В Петербурге провинившегося Словцова тщательно, подробно допросили и митрополит Гавриил, и глава Тайной экспедиции С.И. Шешковский (во время допроса у него на столе лежала плетка!), и в канцелярии генерал-прокурора А.Н. Самойлова. И все же П.А. Словцову удалось убедить допрашивающих, что в своем выступлении он не имел никаких противогосударственных намерений и тайных замыслов!
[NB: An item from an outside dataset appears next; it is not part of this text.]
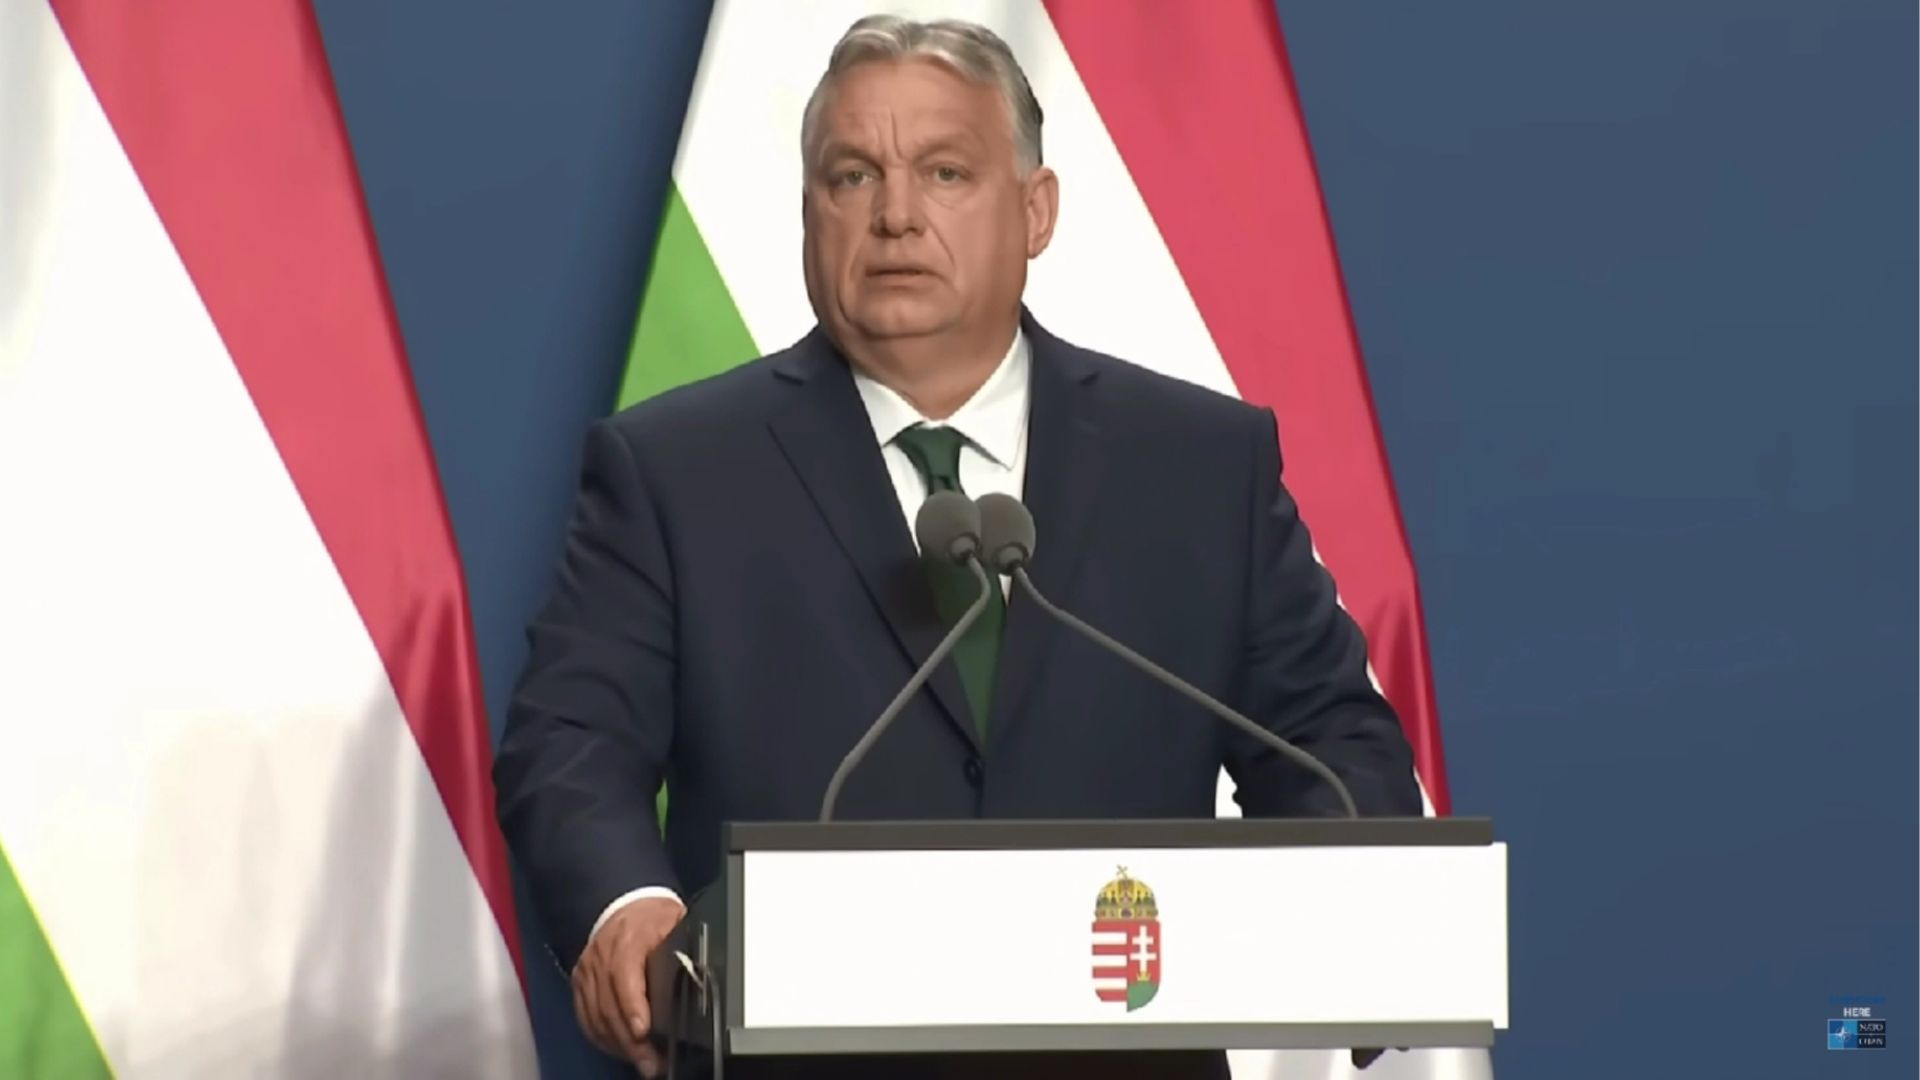 "Венгрия не будет участвовать в войне за пределами зоны ответственности НАТО" - Виктор Орбан

Однако дальнейшее развитие событий приобрело поворот совершенно парадоксальный и заставляет нас обратиться, как это ни покажется странным, к имени Александра Македонского, с историей России в целом, а уж тем более Сибири, практически никак не связанного. Лишь в отношении одного человека за всю историю России было проведено дознание для выяснения его взглядов на деятельность великого монарха. Таким человеком оказался П.А. Словцов!.. Опальному преподавателю Тобольской духовной семинарии было предъявлено обвинение в намерении… оскорбить честь и достоинство могущественного монарха.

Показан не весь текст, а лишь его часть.